In conclusion, under the factors set by Berube and Mass.R.Civ.P. 60(b)(1), there is more than sufficient reason to allow the defendants’ motion to vacate the judgment by confession on grounds of inadvertence, mistake and excusable neglect. The defendants have raised meritorious defenses, especially with regard to their allegations that the plaintiff charged them criminally usurious interest rates. Additionally, the defendants took timely action within days of the default judgment being entered. There is also no showing of substantial prejudice to the plaintiff or any other factor that would weigh heavily against the defendants’ motion. As such, their motion to vacate the judgment is allowed.
ORDER
Defendants’ NRO Boston, LLC and North River Outfitters, NRO Sport, LLC, NRO Edgartown, LLC, Jason Indelicato, and Alice Indelicato’s Motion to Remove Default and File Answer and Affirmative Defenses Late is ALLOWED pursuant to
Mass. R. Civ. P. 55(c) and 60(b). Defendants’ Proposed Answer and Affirmative Defenses shall be docketed.
______________________________
Elizabeth M. Fahey
Justice of the Superior Court
Dated: February , 2017
[1] Plaintiff filed a complaint in New York and obtained an ex parte Attachment in the amount of a New York Judgment on August 16, 2016, never having served or notifying these defendants. Plaintiff made service of this Suffolk Complaint mostly at the last and usual addresses on or about September 13, 2016. Plaintiff claims it served NRO Boston, LLC and North River Outfitters through service on a store manager, which defendants claim is insufficient as she is neither a corporate officer nor a responsible party. Plaintiff then sought to default the defendants on October 5, 2016, and also sought a Rule 55(b)(1) Default Judgment on November 28, 2016 which was allowed on January 3, 2017. (Leighton, J.) In this case, defendants assert plaintiff did not properly serve any of the defendants. Plaintiff attempted to perfect service on defendant NRO Sport, LLC through a clerk who defendants claim is neither a corporate officer nor a responsible party. The docket reflects that plaintiff served Jason Indelicato and Alice Indelicato at their last and usual address, 15 Bird Hill Avenue, Wellesley Hills, MA which each denies receiving. Defendants assert such service is insufficient. Defendants admit to learning of this lawsuit from the Trustee defendant Boston Private Bank, which was served in August 2016 with the Suffolk complaint.

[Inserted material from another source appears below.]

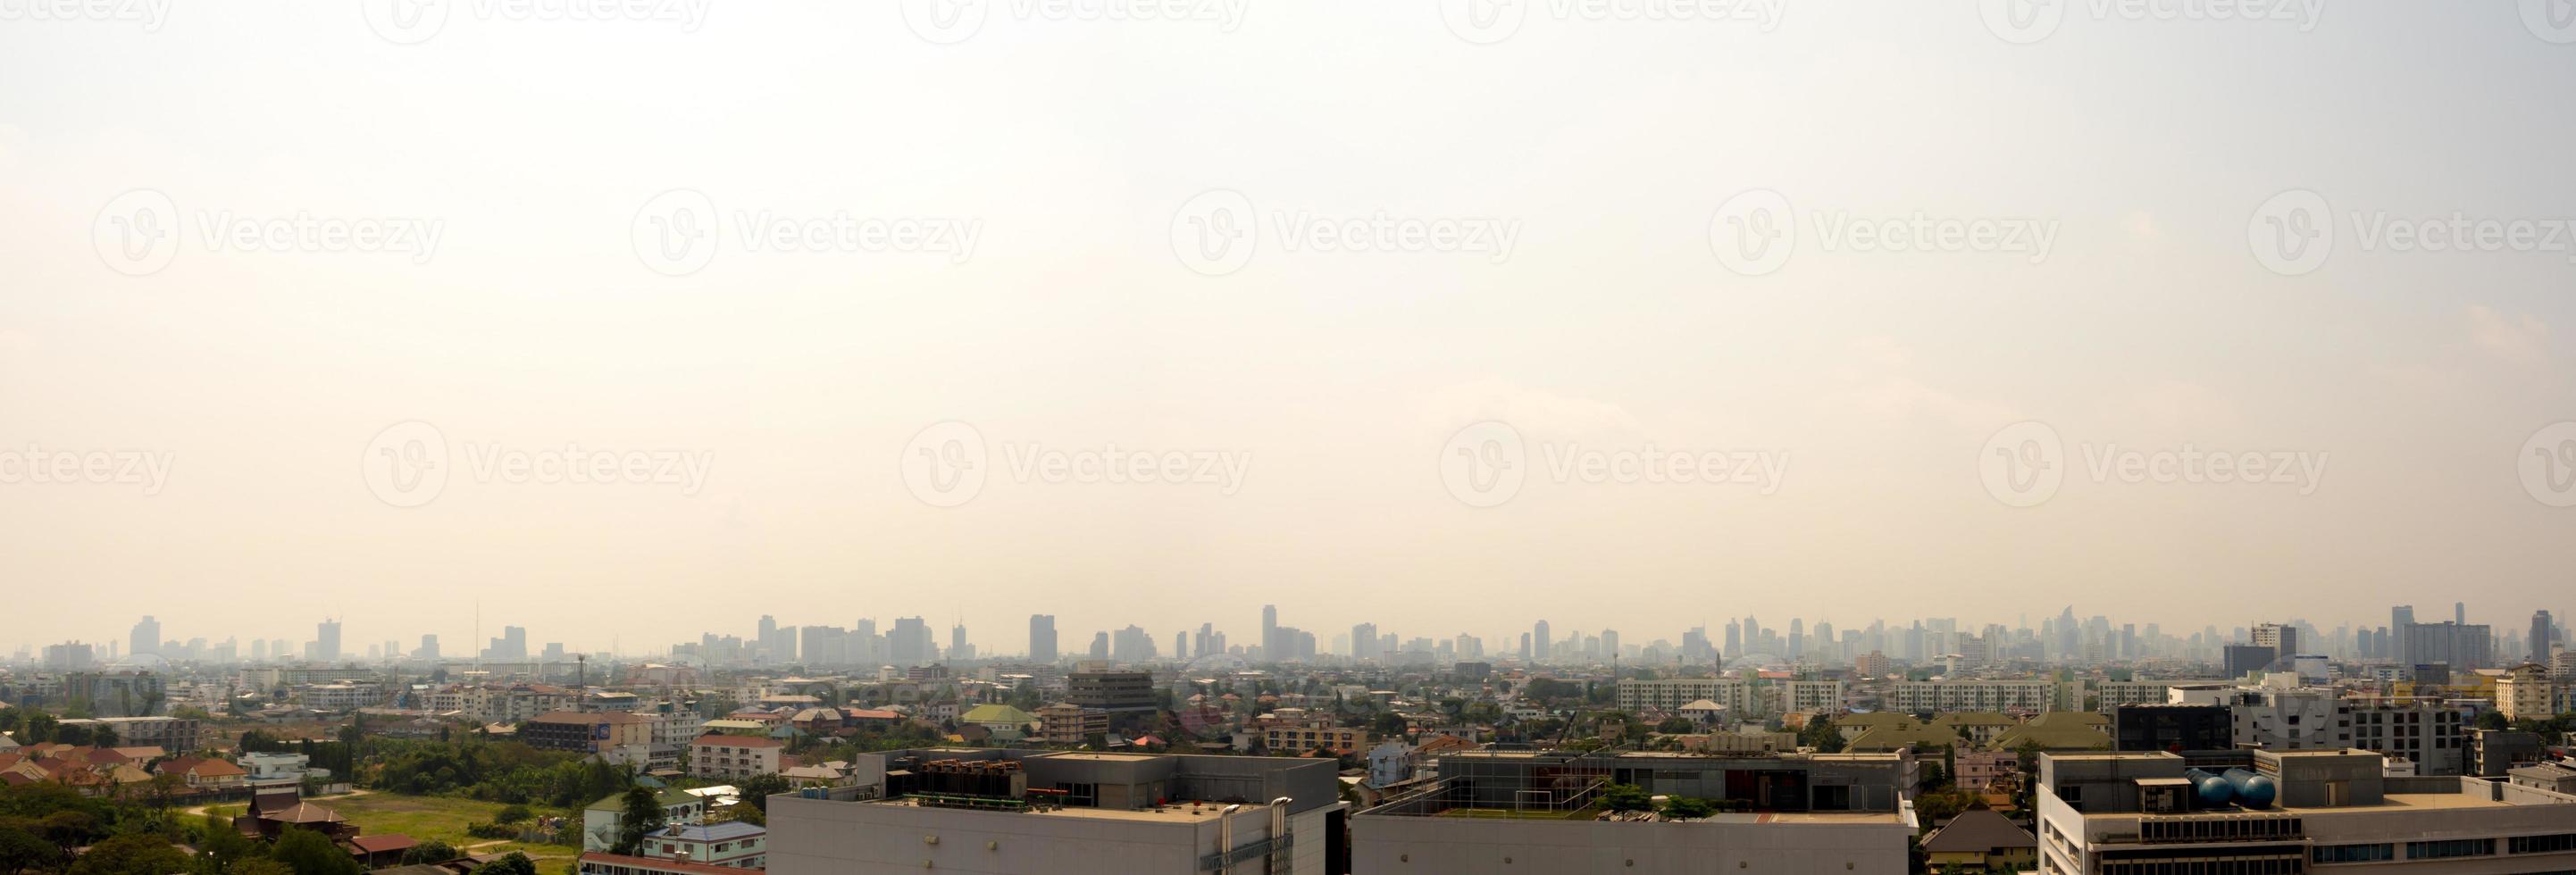 Cityscape urban skyline in the mist or smog. Wide and High view image of Bangkok city in the smog photo

[2] It is undisputed that plaintiff never served the complaint filed in New York on defendants prior to obtaining the Judgment in New York. Defendants only learned of the New York Judgment after plaintiff filed this lawsuit in Suffolk, requesting this court to give full faith and credit to the New York Judgment.

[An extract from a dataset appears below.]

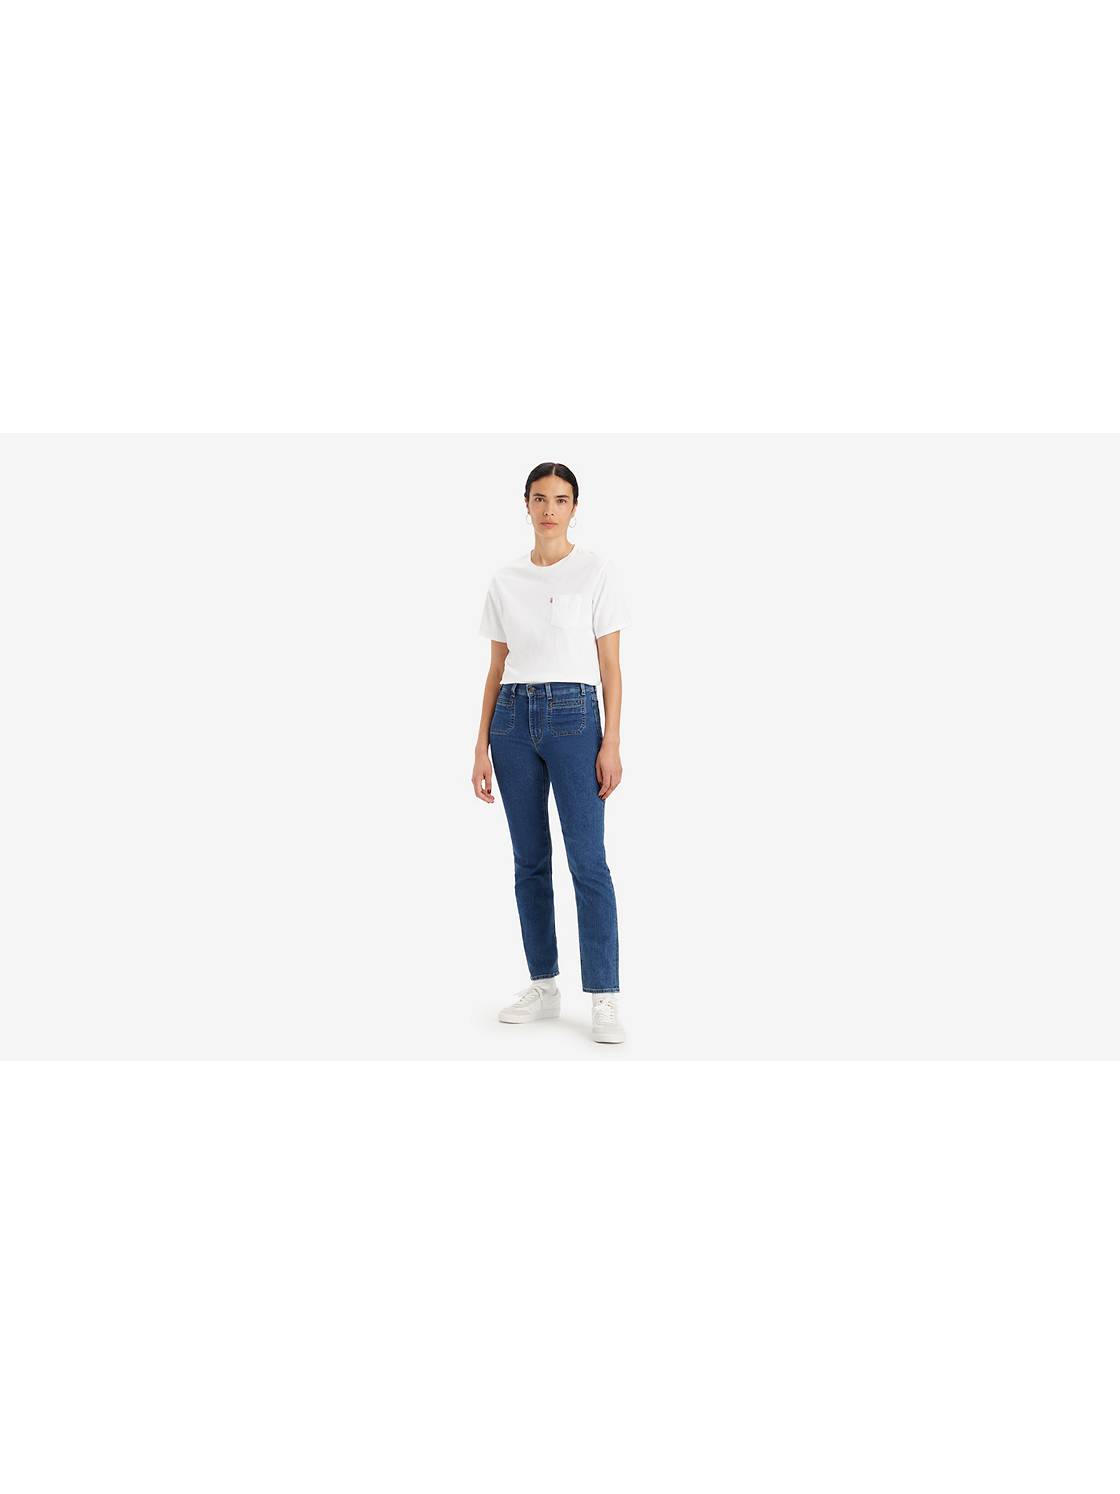 Jeans Recto Mujer Levis

[3] It appears that the Affidavit of Confession of Judgment which states 16% interest rate per annum bears no relationship to the Merchant Agreement which states 15% interest DAILY.
[4] These interest rates are alleged in Defendants’ Memorandum of Law in Support of their Motion to Vacate the Judgment by Confession which Motion to Vacate defendants intend to file in New York, should their motion be allowed here in Suffolk.